This paper presents an argument that certain AI safety measures, rather than mitigating existential risk, may instead exacerbate it. Under certain key assumptions - the inevitability of AI failure, the expected correlation between an AI system's power at the point of failure and the severity of the resulting harm, and the tendency of safety measures to enable AI systems to become more powerful before failing - safety efforts have negative expected utility. The paper examines three response strategies: Optimism, Mitigation, and Holism. Each faces challenges stemming from intrinsic features of the AI safety landscape that we term Bottlenecking, the Perfection Barrier, and Equilibrium Fluctuation. The surprising robustness of the argument forces a re-examination of core assumptions around AI safety and points to several avenues for further research.

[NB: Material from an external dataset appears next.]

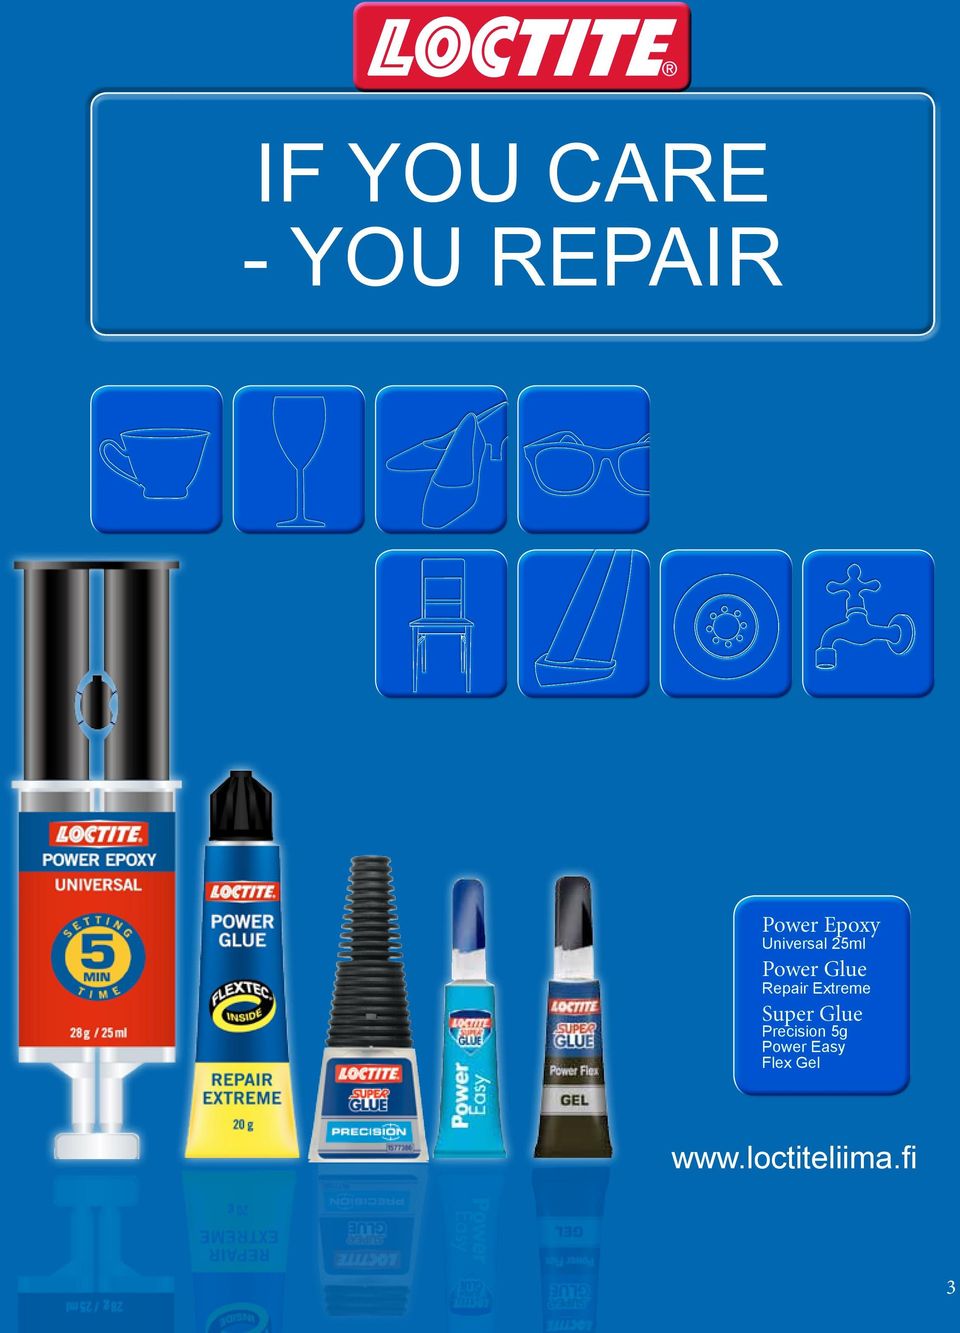 Repair Extreme Super Glue Precision

This fascinating paper presents a counterintuitive argument against AI safety measures, suggesting that such measures might actually increase rather than decrease existential risks from AI. The authors (Cappelen, Dever, and Hawthorne) develop what they call the “non-deterministic argument” through an analogy with rock climbing.
Key Points:
The Rock Climber Analogy:
Consider a climber who will inevitably fall
Providing safety equipment (chalk) allows them to climb higher
A fall from greater height is more catastrophic
Therefore, providing safety measures leads to worse outcomes
The AI Safety Parallel:
AI systems will eventually fail/malfunction
Safety measures allow AI to become more powerful before failing
Failures of more powerful AI systems are more catastrophic
Therefore, safety measures may increase overall risk
Three Main Response Strategies:
Optimism: Believing we can stay ahead of AI dangers
Mitigation: Focusing on reducing damage rather than preventing failure
Key Challenges to These Responses:
Bottlenecking: Safety measures must route through fallible human systems
Perfection Barrier: Safety requires near-perfect implementation while damage doesn’t
Equilibrium Fluctuation: Even balanced systems will have dangerous fluctuations
The paper’s argument is particularly compelling because it doesn’t deny the existential risk posed by AI, but rather suggests that our attempts to mitigate this risk through safety measures may be counterproductive. The authors acknowledge this is a counterintuitive conclusion but demonstrate its robustness against various objections.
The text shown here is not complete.